I grew up in Nova Scotia where the quintessential “Indian Summer” in late September – early October always conjure up visions of hearty soups and chowders, and time spent around a campfire in the woods. In Prince Edward Island around this time of year, you will start seeing corn fields come to maturity and the farmers out harvesting straw and hay. What time then to make corn chowder at home!

This post contains affiliate links for which I may be compensated if a purchase is made through the links provided. For more information please read my affiliate disclosure.

Camp Cooking With Cast Iron

While you’ll notice in all the pictures that this potato bacon corn chowder is being cooked in a cast iron pot, this is not a requirement! You can easily follow all the same instructions, to cook this PEI corn chowder indoors on a regular stove. I was simply out camping with the family and decided to make this hearty meal for supper!

Cooking with cast iron is easy though, and not something that you should be scared of. If you have an old cast iron pot around, give it a good cleaning, and then take it camping with the family, and fire up a batch of this chowder!
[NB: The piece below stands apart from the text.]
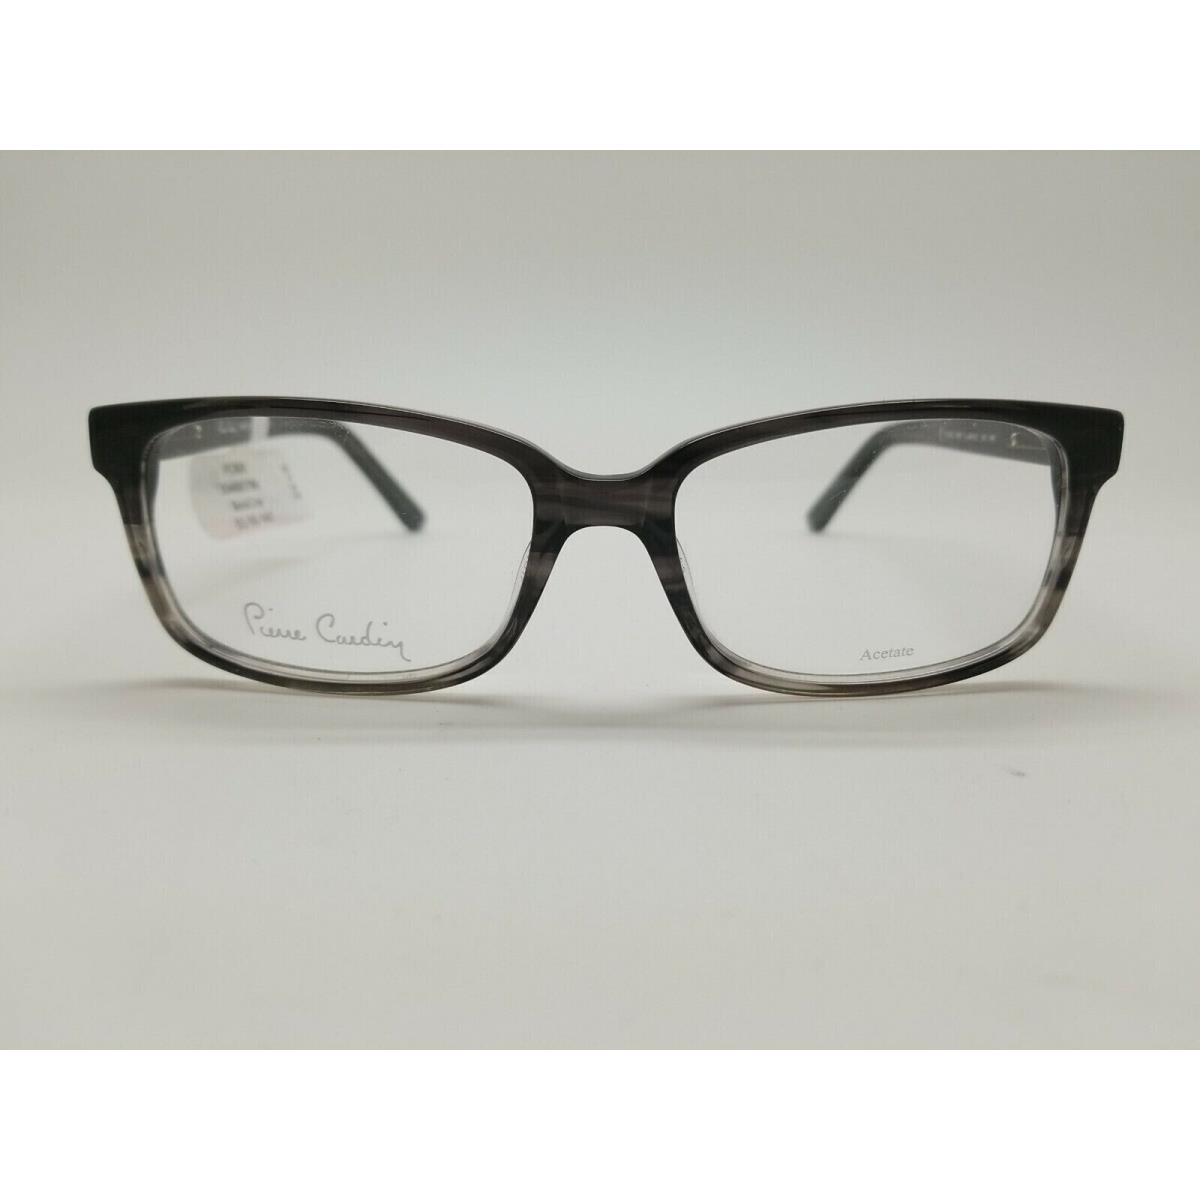 1 Unit Pierre Cardin Smoke Crystal Eyeglass Frame 54-17-145 295

It’s the perfect meal after a day outdoors!

Related:  How to Clean and Season Cast Iron Cookware

A camp kitchen set up outdoors on a log

If you do decide to try cooking this super simple chowder outdoors over a campfire fire, kudos to you! It is twice as much fun as cooking on a stove, though there are a few things to keep in mind when doing so.

First off, be sure to follow your local laws regarding backyard fires. You will need to start a fire in a fire pit and get a few decent sized pieces of wood in there to create some nice hot coals which will be what we are actually cooking over. Open flame is too hot for the extended cooking process, but coals create a nice, long burning, and even heat which is ideal for outdoor cooking.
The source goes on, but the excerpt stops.